小田急新宿駅とJR東海の沼津駅を相互直通運転する特急“あさぎり”に使用するため小田急電鉄が製造した新しいロマンスカーで,一部の箱根湯本までの特急にも使用されており,RSE(Resort Super Express の略)という愛称でも呼ばれます。
この20000系電車は,相互乗入れする条件から,従来の小田急特急車の特徴である連節台車方式から,非連接のオーソドックスな形態となり,また塗色も淡い落着いたものとなっています。そして,ハイデッカー構造,一部にダプルデッカー構造(2階部はグリーン席)を採用,前面展望も含めた眺望の良さは大きな特徴となっています。また,ダプルデッカーの1階席の一部はグループ用セミコンパートメントとなっていることも特徴となっています。客室内装も新宿側は『都会』,沼津寄りは『海』を,そしてダプルデッカー車の一部は富士山麓にちなんで『山・樹木』をイメージするなど快適な居住性を考慮,また旅客サービス設備面でも充実,このようにファン,そして利用者にあたえた好感度が大きく評価されて,ここに1992年プルーリボン賞授賞となりました。
新東京国際空港の新地下駅『成田空港駅』開業にあわせて,東日本旅客鉄道(JR東日本)が,空港と東京・新宿・池袋・横浜といった首都圏の各ターミナルをダイレクトに結ぶシャトル特急“成田エクスプレス(愛称:N'EX)”として製作したユニークな車両です。
使用目的が国際空港の旅客輸送という特別な条件のため,設計のトータルコンセプトを『価値ある移動空間』と位置づけ,大型荷物の多い旅客への快道なアクセス空間,そして外国のお客様へのサービス機能などを充実提供,また“ハッ”と目を引く外観デザインや北極圏をイメージしたプロックパターンの塗色,また,東京地下駅で分割・併結することから,迅速に解結できる連結器・幌システム,ATC・ATSの走行自動切替など,運転時間短縮のための新しい試みが多く取入れられています。

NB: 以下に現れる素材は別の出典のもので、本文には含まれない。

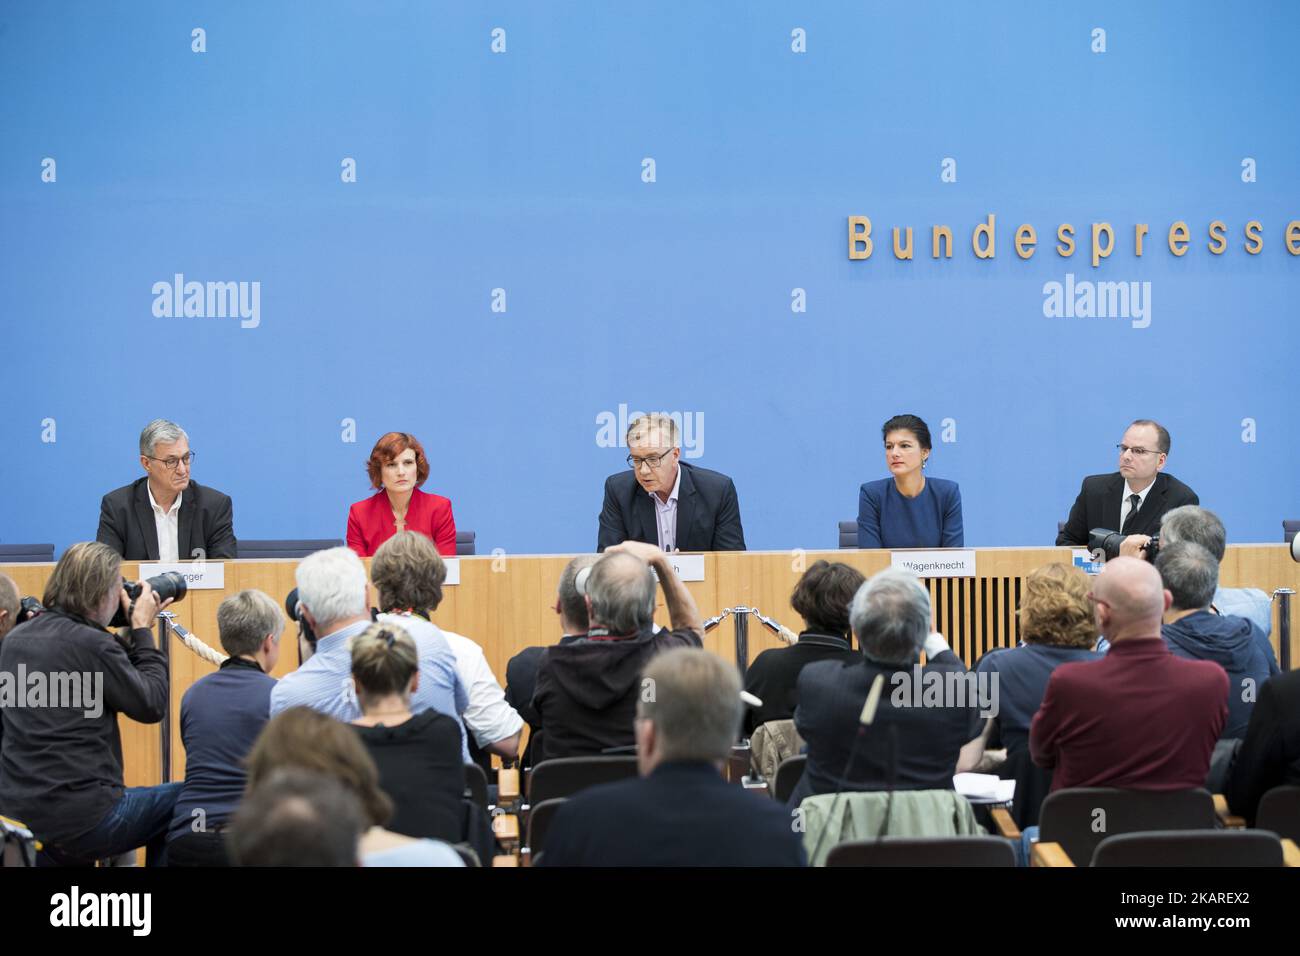 Top candidates of Die Linke (The Left) party Sahra Wagenknecht (2R) and Dietmar Bartsch (C) and Co-Leaders Katja Kipping (2L) and Bernd Riexinger (L) are pictured during a press conference in Berlin, Germany on September 25, 2017. (Photo by Emmanuele Contini/NurPhoto) Stock Photo

このような車両製造企画の特徴は顕著なものがあり,これはローレル賞の意図に十分に適合するもので,1992年ローレル賞授賞となりました。
福岡・筑豊地区の運動通学輸送の改善に取組む九州旅客鉄道(JR九州)が,非電化路線の篠栗線の快速列車(愛称:赤い快速)用として,811系近郊形電車をベースに製作した次世代ディーゼルカーのプロトタイプ車両です。
この車両の特徴は,ディーゼルエンジンから走行装置への動力伝達機構として,『爪クラッチ方式』を採用していることです。 (この技術は,『(財)鉄道総合技術研究所(JR総研)』と『JR九州』の共同開発により,世界で初めて実用化したものです)この結果,ディーゼルカーで近郊電車並みの高加速性能を実現,動力の伝達効率の改善による省エネルギー性の向上も実現しています。接客設備も811系電車に準じた転換クロスシートの採用で快適性を向上, 2連の大型窓など電車並みとなった端正なデザインなどは,ローレル賞の意図に十分適合するもので,1992年ローレル賞授賞となりました。